■ **INFORMATION SUPPLIED**:
━━━━━━
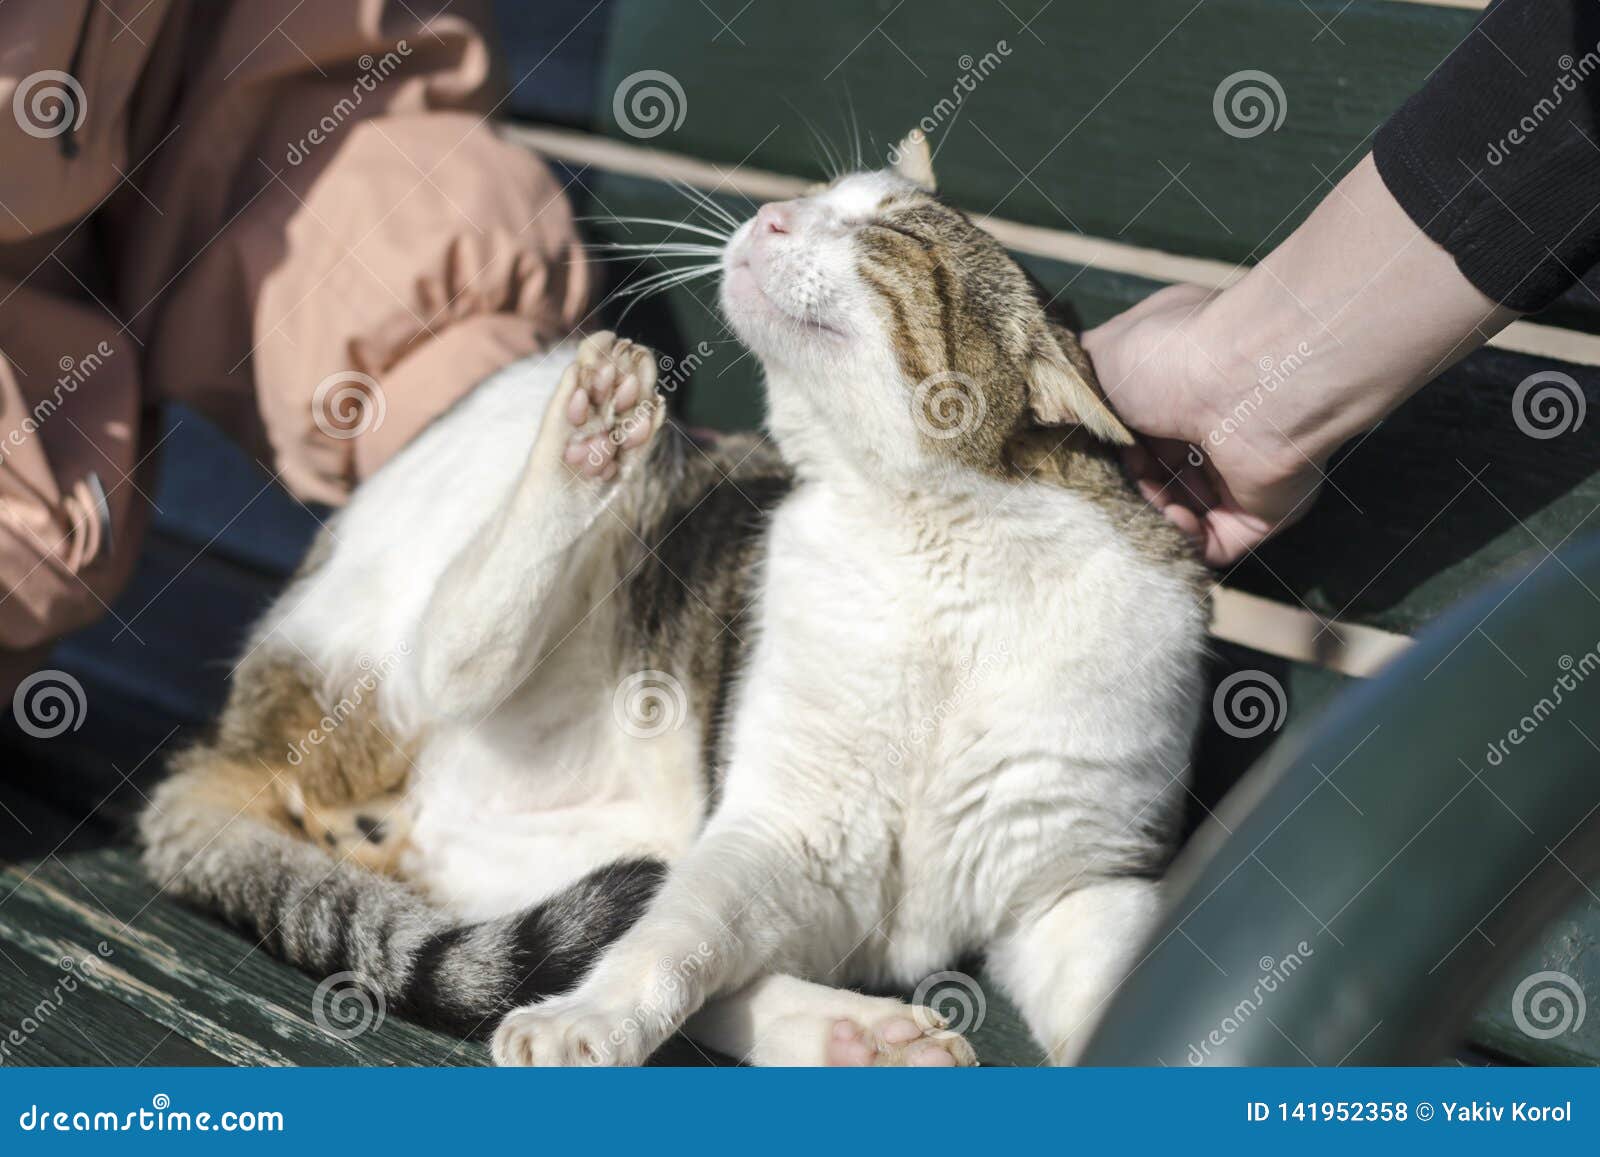 A Yellowwhite Stray Cat Sits On A Bench And An Elderly Woman And A
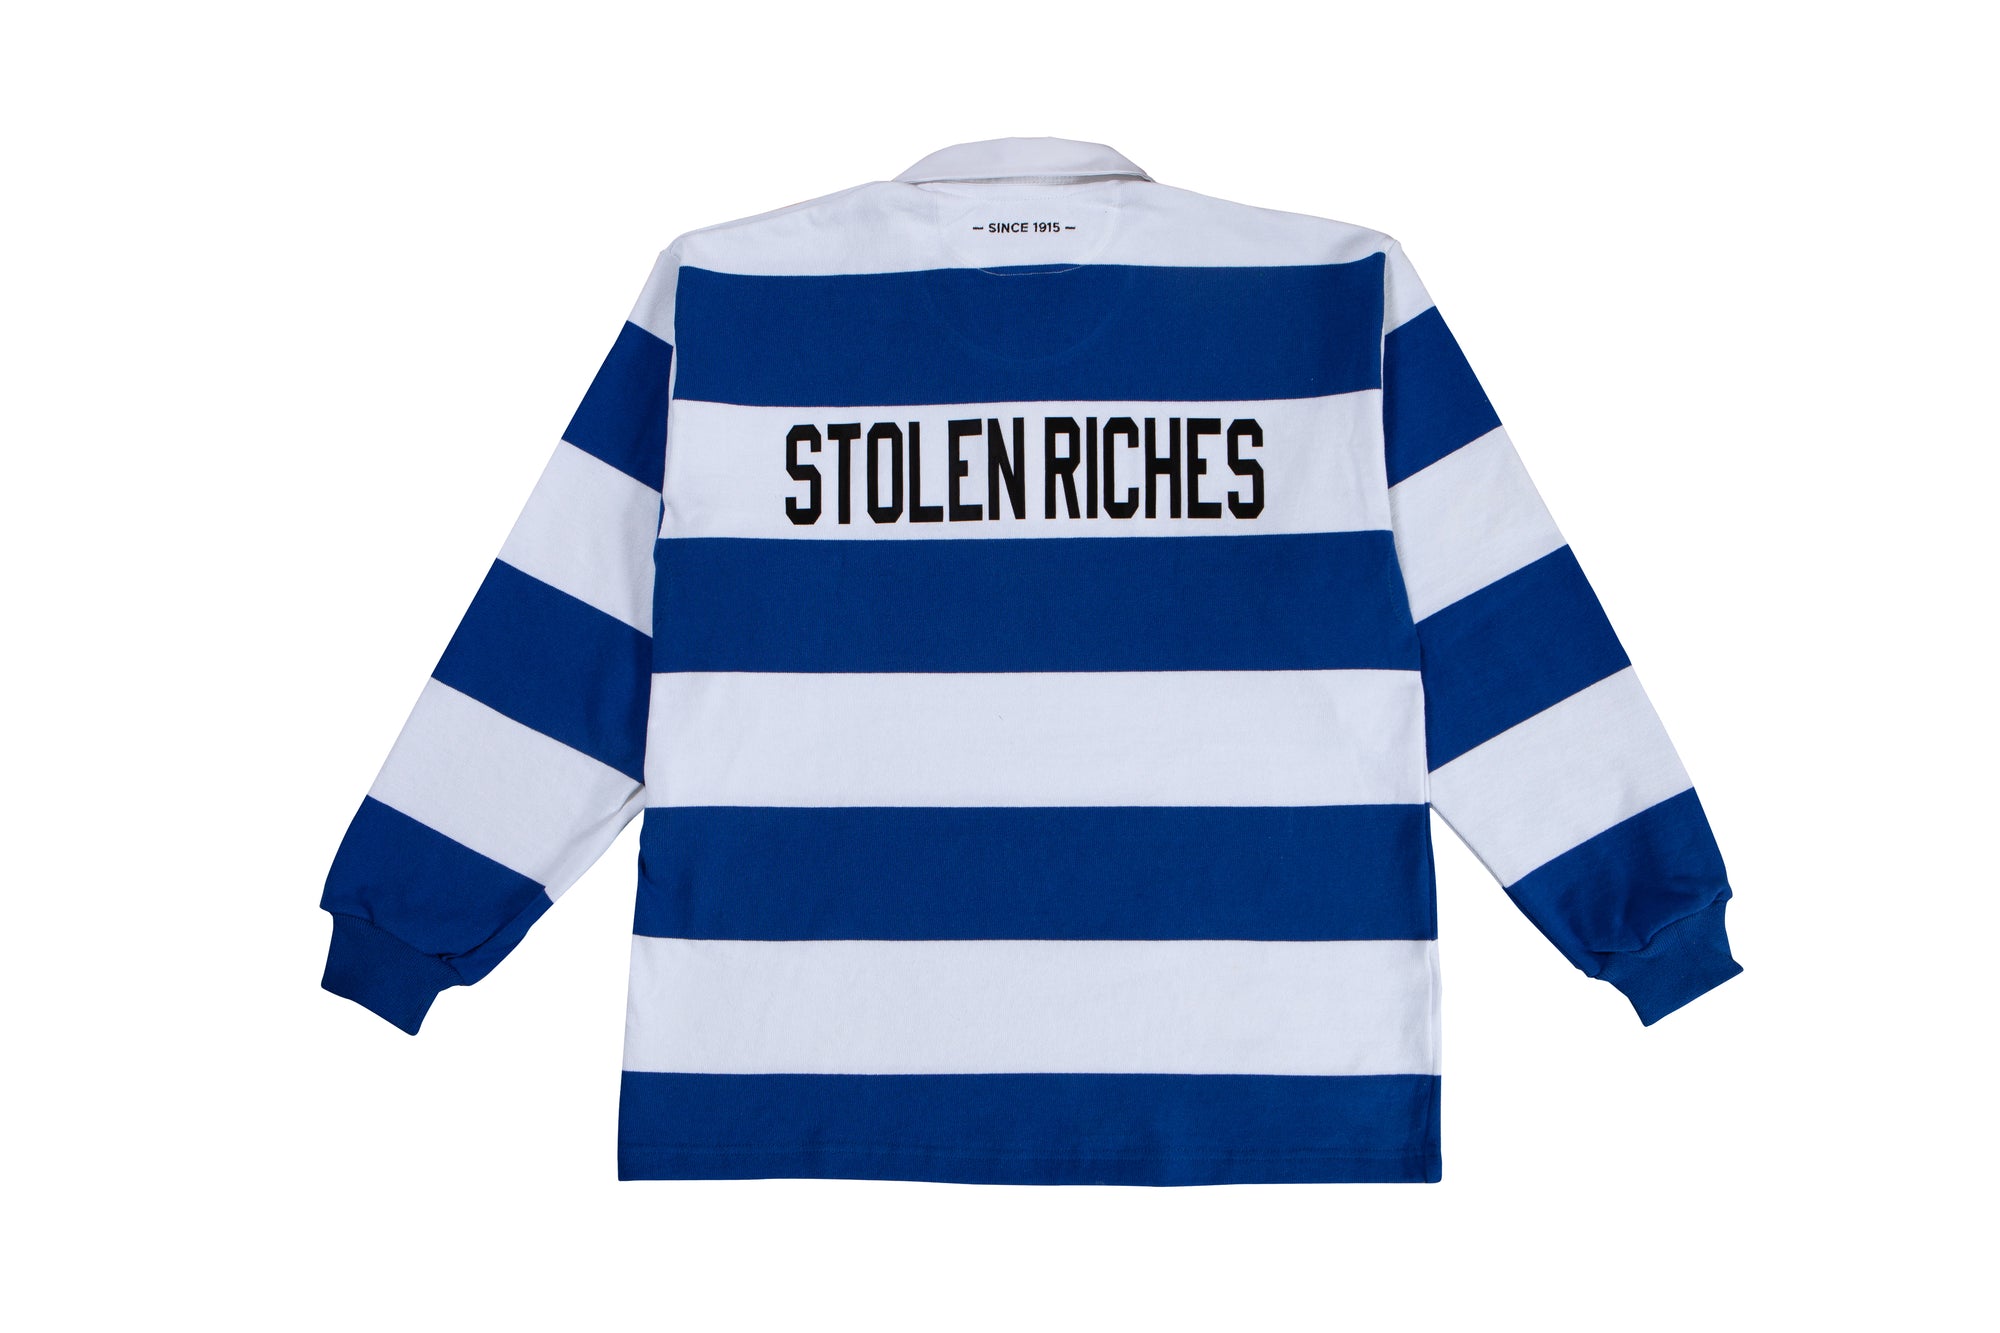 Royal Blue and White Stripe Rugby Shirt
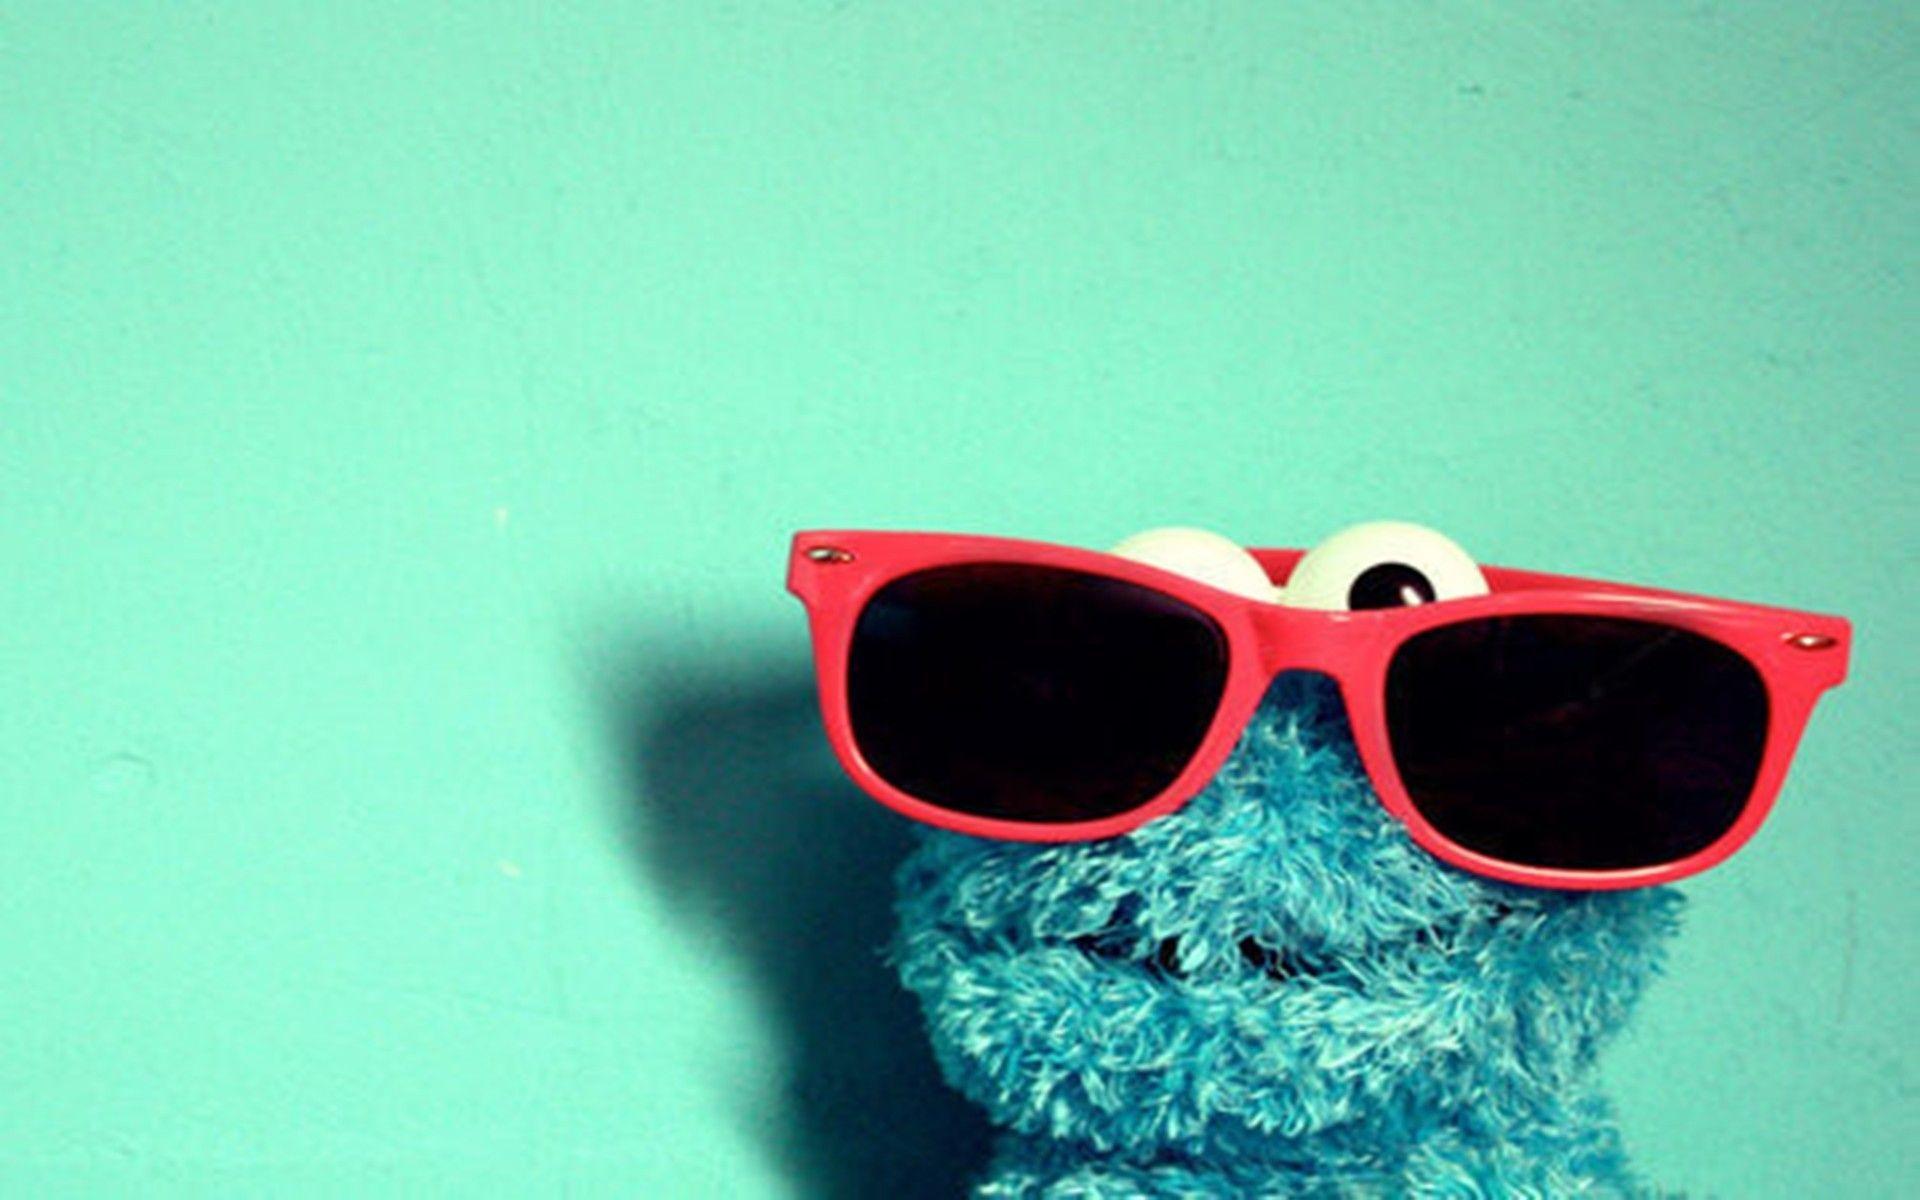 Cookie Monster Background
━━━━━━
■ **WHAT YOU HAVE TO DO**:
Where a line contains "Royal Blue and White Stripe Rugby Shirt", begin there and set down exactly each line through the end of the data above, omitting any pictures.

■ **EXPECTED OUTPUT**:
 Royal Blue and White Stripe Rugby Shirt
 Cookie Monster Background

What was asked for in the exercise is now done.